Background

A rhegmatogenous retinal detachment is a separation of the sensory retina from the retinal pigment epithelium (RPE) caused by the entry of fluid into the subretinal space through retinal tears. Rhegmatogenous retinal detachments are treated by scleral buckling, pars plana vitrectomy, or a combination of both [1,2,3,4,5]. Scleral buckling has been the conventional treatment for retinal detachments, but recent developments in vitrectomy have made pars plana vitrectomy a more common treatment of retinal detachments. During the vitrectomy, different types of gas are injected into the vitreous cavity to tamponade the retina, however the intravitreal gas can decrease the visibility of the retina, and reflections from the intravitreal gas bubble can make it difficult to observe and photograph the fundus.

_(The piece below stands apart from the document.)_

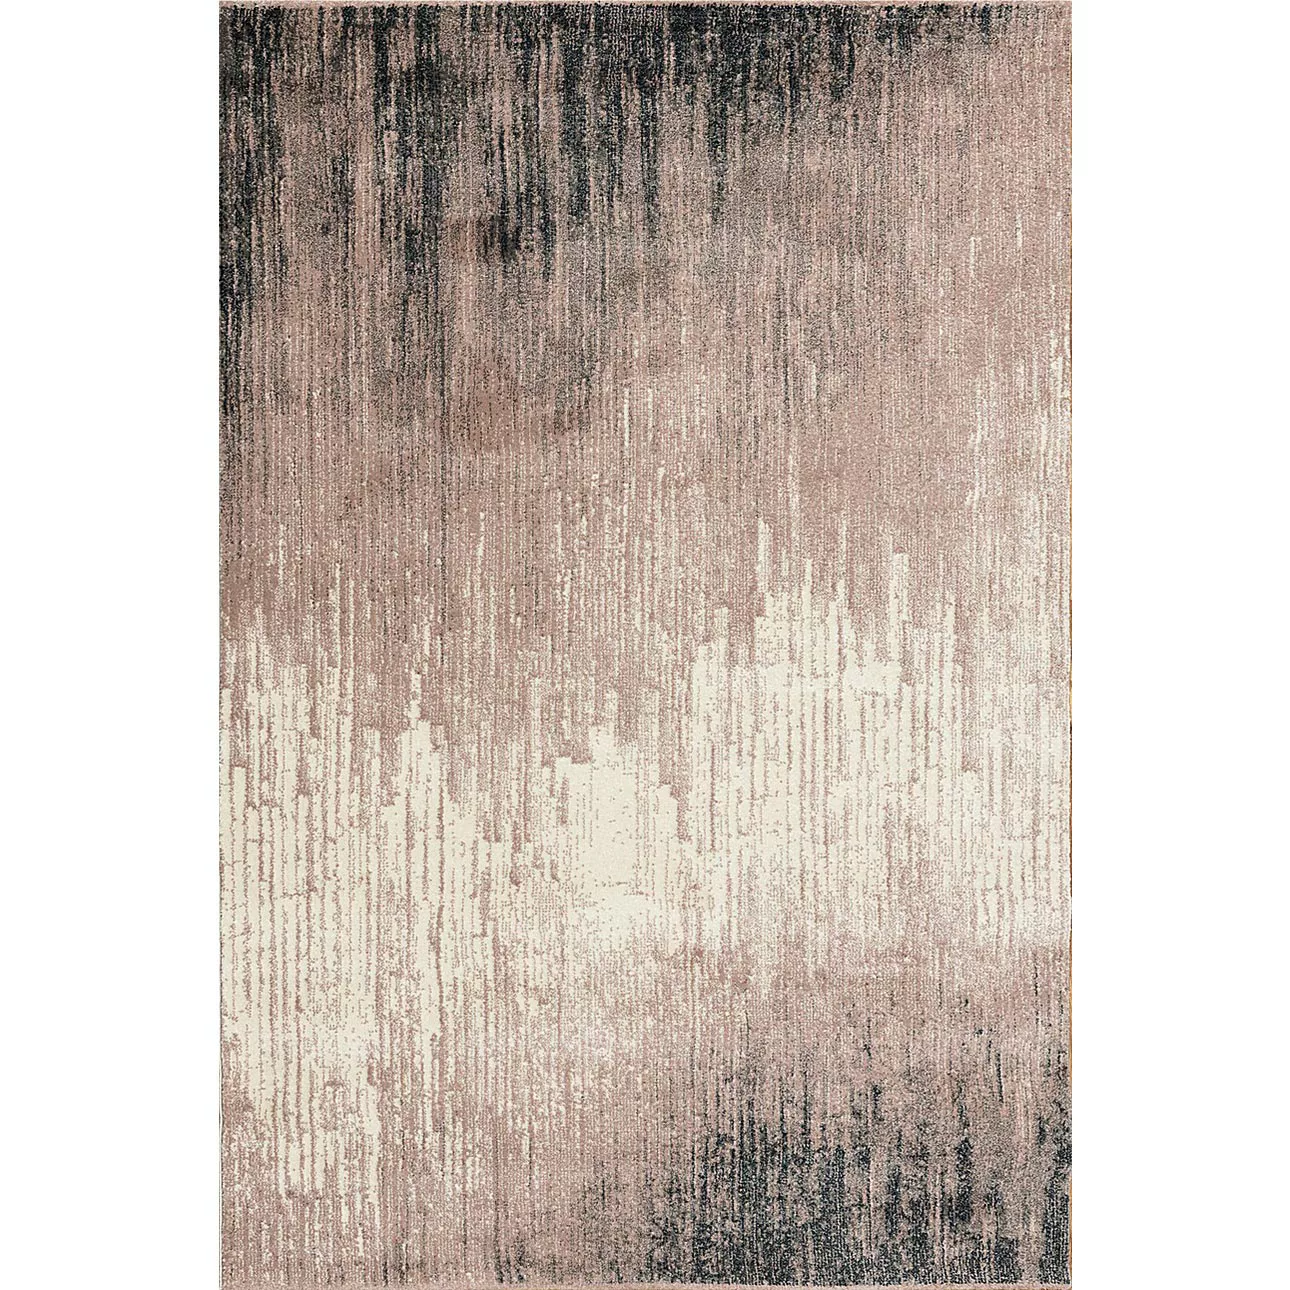 Teppich Sevilla paper white/dusty rose 160x230cm, 160 x 230 cm günstig online kaufen

Ultra-widefield imaging of the fundus allows clinicians to evaluate the retina far beyond the equator of the fundus in a single image [6,7,8]. The Optos ultra-widefield imaging system is a scanning laser ophthalmoscope which can obtain widefield images with scanning laser wavelengths of 532 nm (green) or 633 nm (red) [9]. The two images can be viewed separately or superimposed to yield a semi-realistic color image. The design of the ellipsoid mirror of the Optos makes it possible to obtain ultra-widefield images of 200 degrees horizontally without pupillary dilatation. In addition, the use of two laser wavelengths is advantageous over the conventional imaging systems because the red laser penetrates deeper into the retina and the choroid, and the green laser light provides better images of the superficial layers of the retina and retinal vessels.

Anderson and associates [7] presented a case report of a retinal detachment evaluated with the Optos ultra-widefield images prior to the surgery, after scleral buckling surgery with intravitreal gas injection, and after vitrectomy with a gas tamponade. They reported that the ultra-widefield fundus imaging system was able of delineating the extent of the retinal detachment even in the presence of intraocular gas after the vitreoretinal surgery.

The aim of this study was to evaluate the efficacy of ultra-widefield imaging of the fundus to delineate the causative and treated retinal tears and reattachments in gas-filled eyes after vitrectomy for a rhegmatogenous retinal detachment. In addition, the efficacies of green and red laser wavelengths in gas-filled eyes with superior retinal breaks were determined.

Methods

The medical records of 40 eyes of 40 patients who had undergone vitrectomy with a gas tamponade for a retinal detachment were reviewed. The patients were examined by indirect ophthalmoscopy and slit-lamp biomicroscopy with a non-contact or contact wide angle lens to detect all retinal breaks preoperatively, and all the retinal breaks were treated with endolaser during the vitreous surgery. Ultra-widefield scanning laser ophthamloscopic images (Optos 200Tx imaging system, Optos PLC, Dunfemline, Scotland, UK) were recorded from dilated eyes in the primary position after the vitrectomy. The eyes were filled with different types of gas with a volume of 40% to 90% of the vitreous cavity.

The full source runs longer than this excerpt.